Но мы напрасно стараемся облечь эту идею в слова. В языке человеческом не существует выражения, соответствующего ее красоте и глубокому пафосу. Клиффорд, этот человек, созданный для счастья, но до сих пор так его и не познавший, этот бедный, сбившийся с пути мореплаватель с Благословенных островов, застигнутый в море бурей в утлой барке, был выброшен последней, разбившей его судно волной на спокойный берег. Здесь, в то время как он лежал полумертвый, благоухание земной розы коснулось его обоняния и вызвало в нем воспоминания или фантазии обо всей живой, дышащей красоте, среди которой он должен был бы жить. Он вдыхает сладостный аромат в свою душу и умирает. Вот кем был Клиффорд в своем перемежающемся оцепенении.

Как же Фиби относилась к Клиффорду? Она была не из тех, кого увлекает все странное и исключительное в человеческом характере. Таинственность Клиффорда мало занимала Фиби и была скорее причиной ее досады, нежели возбуждающей прелестью — какой, вероятно, являлась бы для многих женщин. Однако же девушка была тронута не загадочным мраком его положения, ни даже нежностью его натуры, а просто воззванием его отчаянной души к ее полному живой симпатии сердцу. Она бросила на него взгляд любви потому, что он так нуждался в любви и, по-видимому, так мало получил ее в жизни. С неизменным тактом Фиби узнавала, что ему было нужно, и удовлетворяла его немощную душу. Болезнь таких людей, как Клиффорд, зачастую становится неизлечимой оттого, что их недуг отражается в поведении окружающих — они вынуждены вдыхать яд собственного дыхания в бесконечном повторении. Фиби же не знала, что именно повреждено в уме или сердце Клиффорда, и доставляла своему бедному пациенту чистейший воздух.
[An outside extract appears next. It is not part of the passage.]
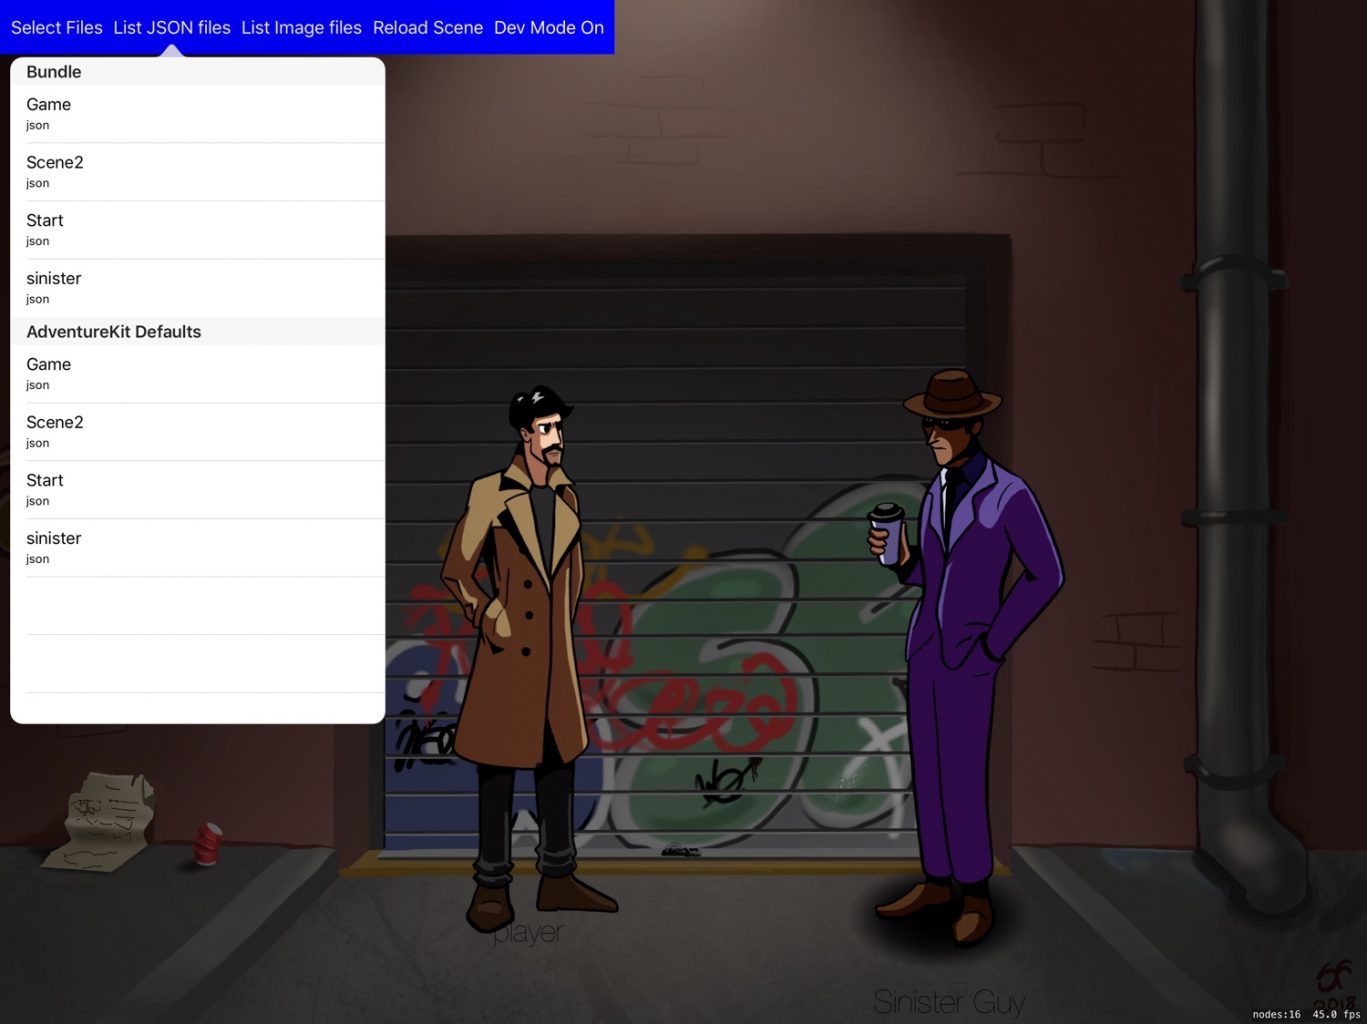 A screenshot of my adventure game scene. The scene has two characters facing each other in a dark alley, one in a pale yellow trench coat the other in a purple suit. A file list is open that shows a list of files that can be exported from the game.
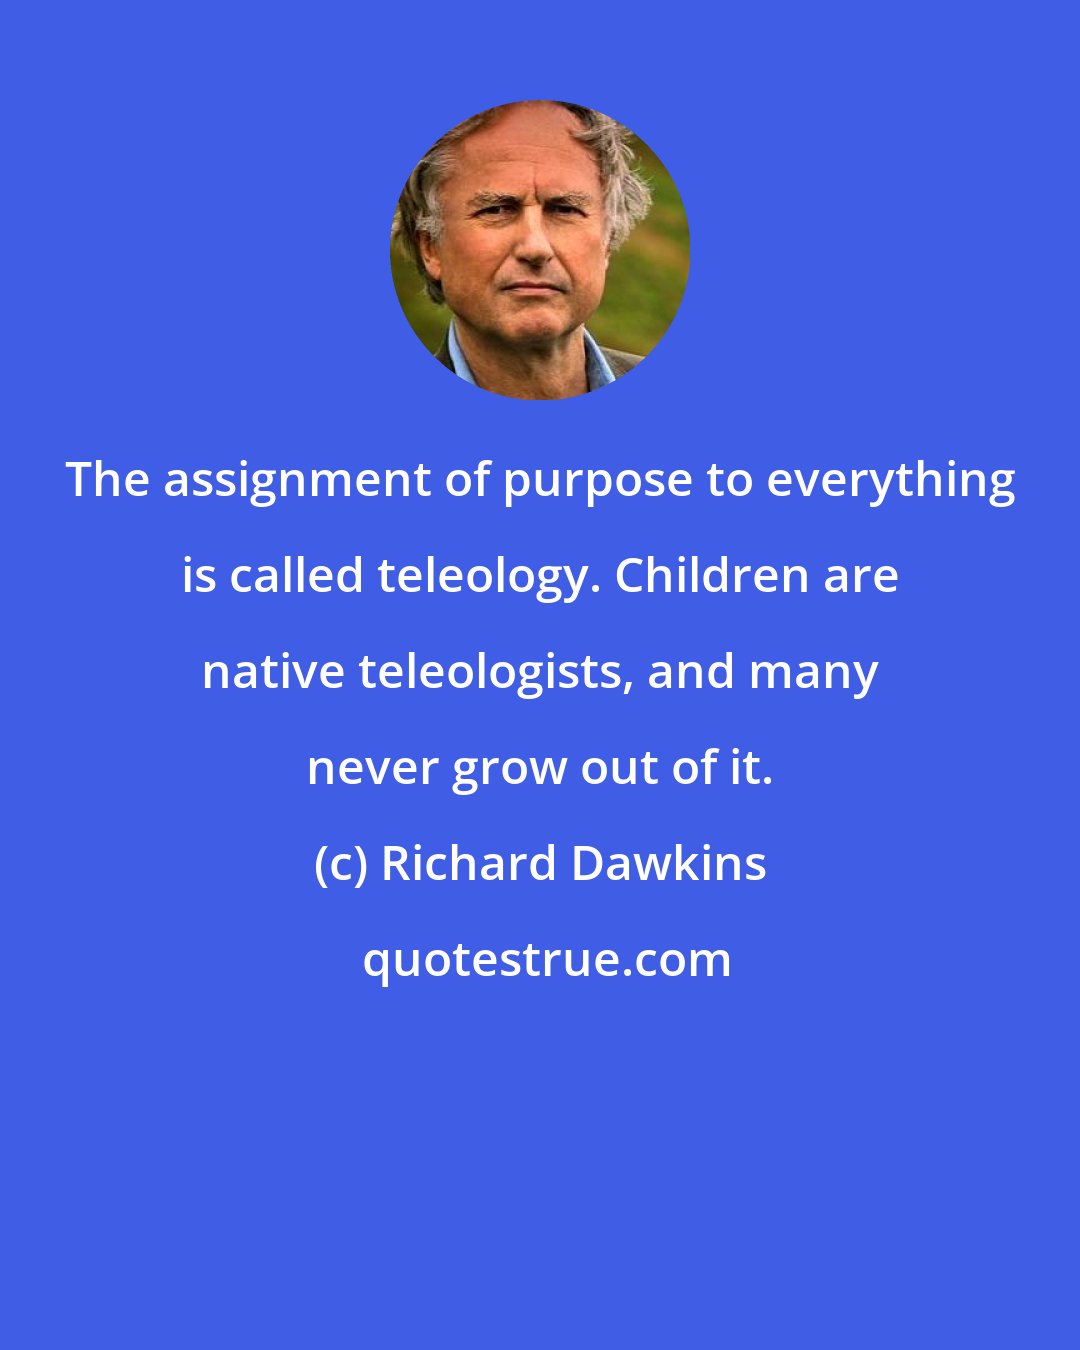 Richard Dawkins: The assignment of purpose to everything is called teleology. Children are native teleologists, and many never grow out of it.

Она была для него благоухающим цветком.

Нужно, однако, сказать, что и ее лепестки иногда поникали от тяжелой атмосферы, которая окружала ее. Фиби сделалась задумчивее прежнего. Глядя на бледное лицо Клиффорда, она гадала, какой была его жизнь. Было ли на нем от рождения это покрывало, под которым была скрыта большая часть его души и сквозь которое он сам неясно различал реальный мир, или же серая ткань этого покрывала была соткана каким-нибудь мрачным бедствием? Фиби не любила загадок и желала бы поскорее найти ответ. Несмотря на это, размышления о характере Клиффорда были для нее так полезны, что когда происшедшее в его жизни бедствие мало-помалу стало для нее ясным, оно не произвело на девушку никакого ужасающего действия. Какое бы Клиффорд ни совершил преступление, по мнению света, Фиби знала его так хорошо — по крайней мере, ей так казалось, — что не могла его бояться.